To find the first partial derivative of \(f(x,y)\) with respect to x, we need to differentiate the function with respect to x while treating y as a constant. So we have: $$f_x(x, y) = \frac{\partial}{\partial x}(2x^3 + 3y^2 + 1)$$ $$f_x(x, y) = 6x^2$$

Now, we need to find the first partial derivative of \(f(x,y)\) with respect to y, by differentiating the function with respect to y while treating x as a constant. So we have: $$f_y(x, y) = \frac{\partial}{\partial y}(2x^3 + 3y^2 + 1)$$ $$f_y(x, y) = 6y$$

Now we need to find the second-order mixed partial derivative \(f_{xy}\), which is the derivative of \(f_x(x, y)\) (which we found in step 1) with respect to y. So we have: $$f_{xy}(x, y) = \frac{\partial}{\partial y}(6x^2)$$ $$f_{xy}(x, y) = 0$$

Now, we need to find the second-order mixed partial derivative \(f_{yx}\), which is the derivative of \(f_y(x, y)\) (which we found in step 2) with respect to x.

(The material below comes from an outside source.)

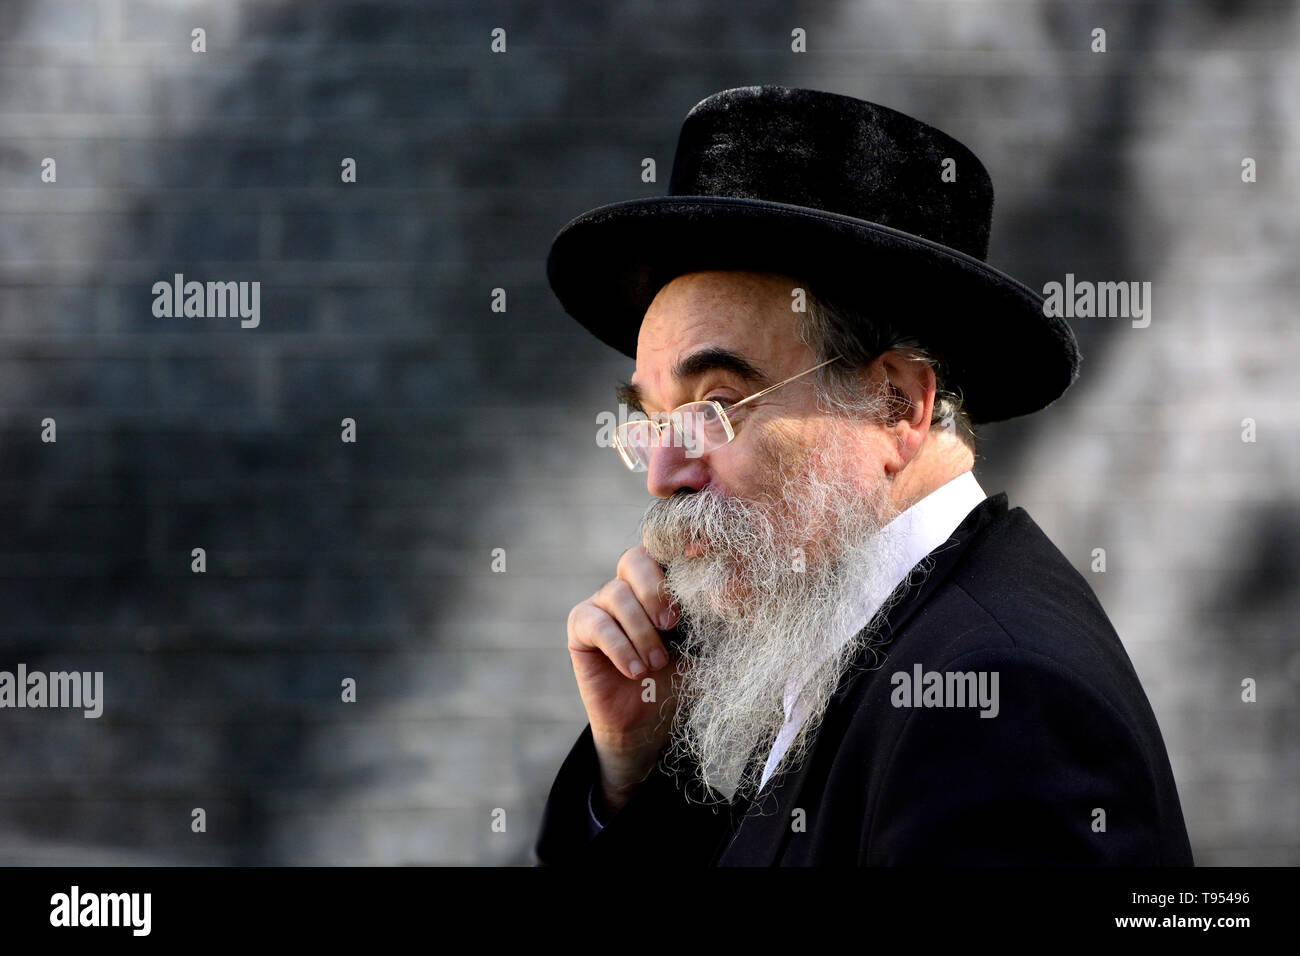 London, England, UK. Abraham Pinter - Haredi Rabbi/Politiker von Stamford Hill, stellt Haredi Interessen an der Londoner jüdischen Forum. Auf seinem Mobi Stockfoto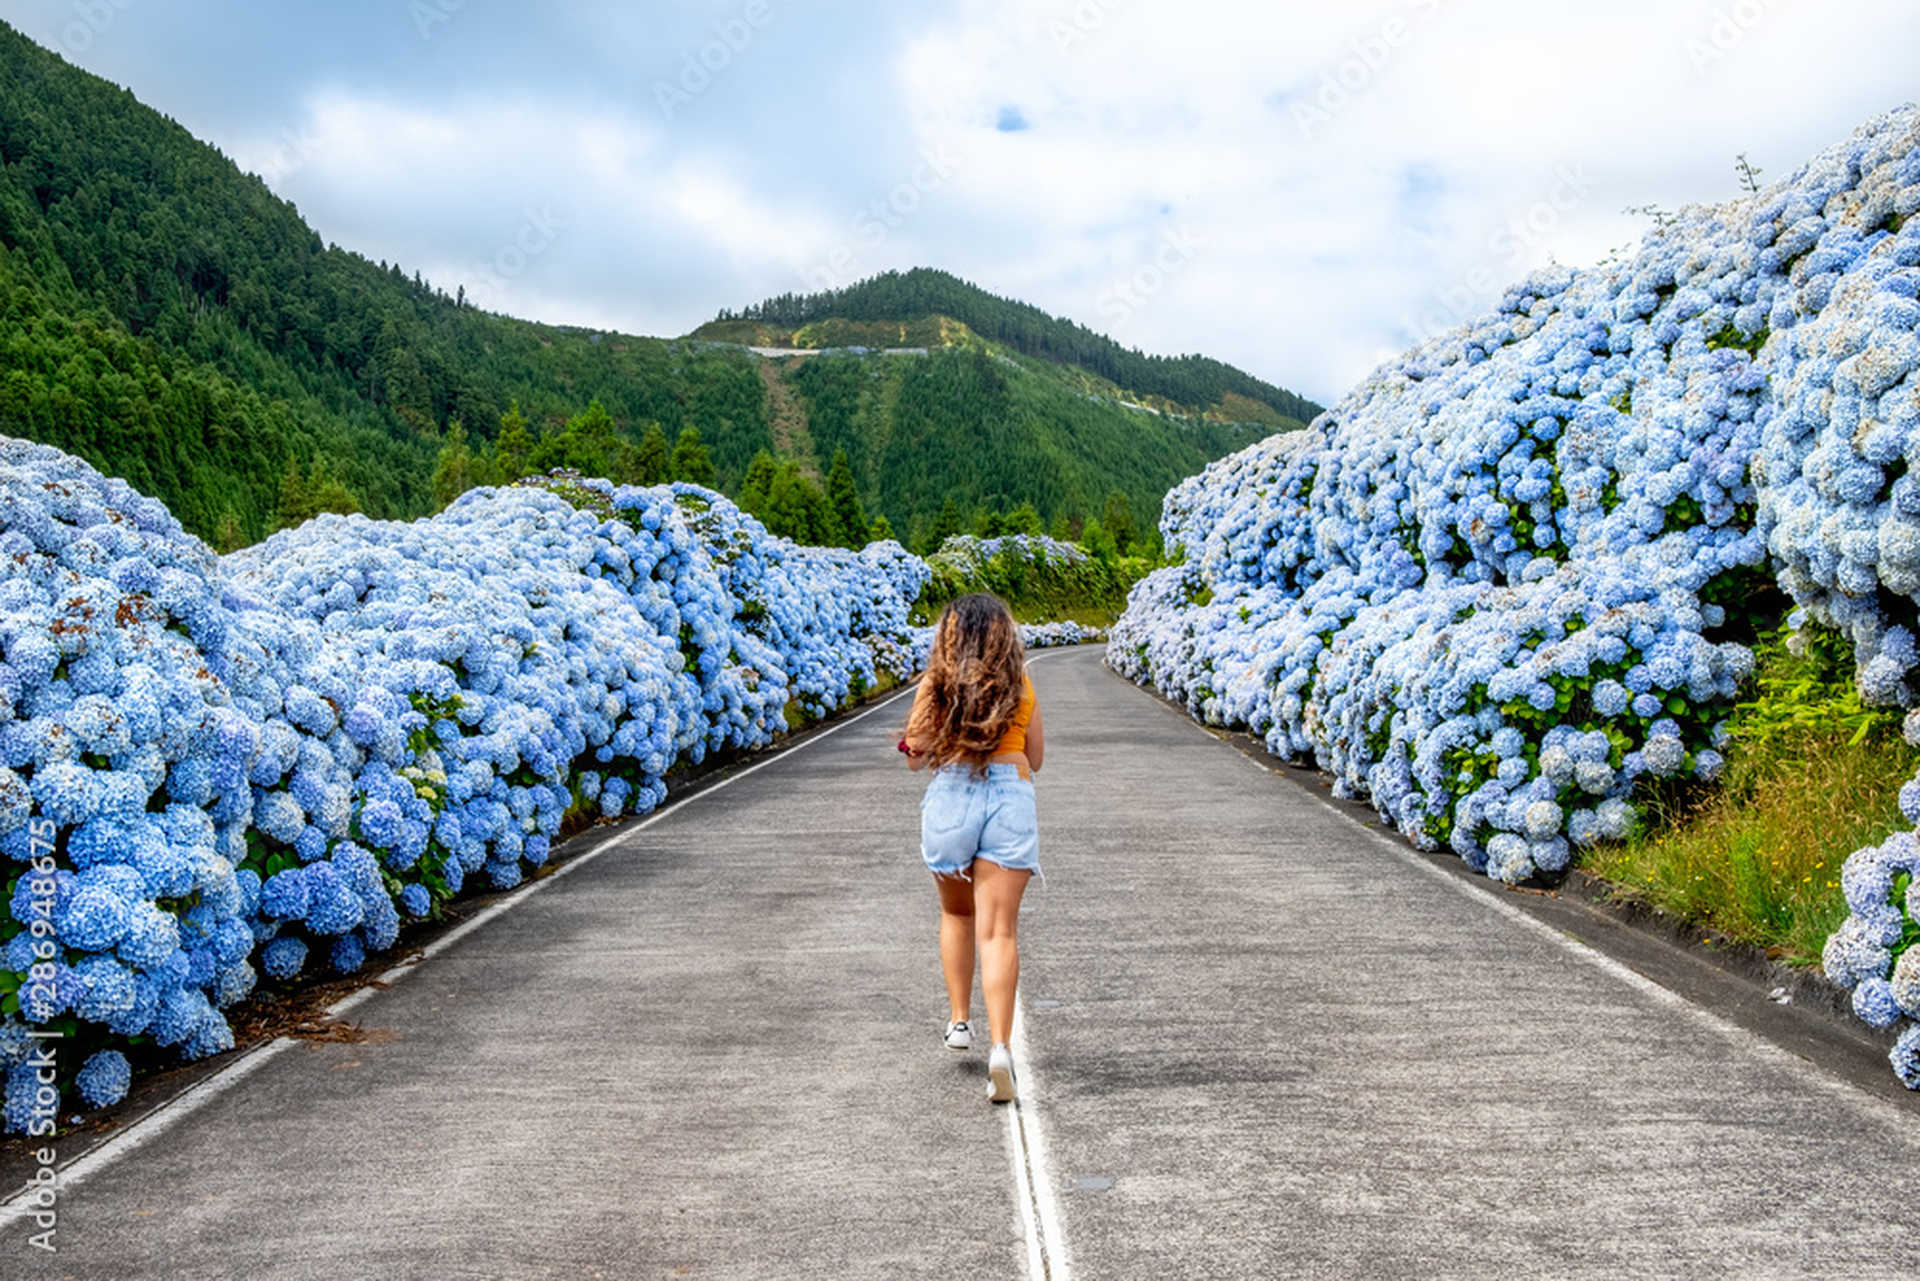 Jeune femme courant au milieu de la route avec des hortensias blancs et bleus à São Miguel, Açores

So we have: $$f_{yx}(x, y) = \frac{\partial}{\partial x}(6y)$$ $$f_{yx}(x, y) = 0$$

Finally, we need to compare the mixed partial derivatives \(f_{xy}(x, y)\) and \(f_{yx}(x, y)\), which we found in steps 3 and 4, respectively: $$f_{xy}(x, y) = 0$$ $$f_{yx}(x, y) = 0$$ Since \(f_{xy}(x, y) = f_{yx}(x, y)\), the given statement is true and we can conclude that for the given function, \(f(x, y) = 2x^3 + 3y^2 + 1\), the second-order mixed partial derivatives are equal.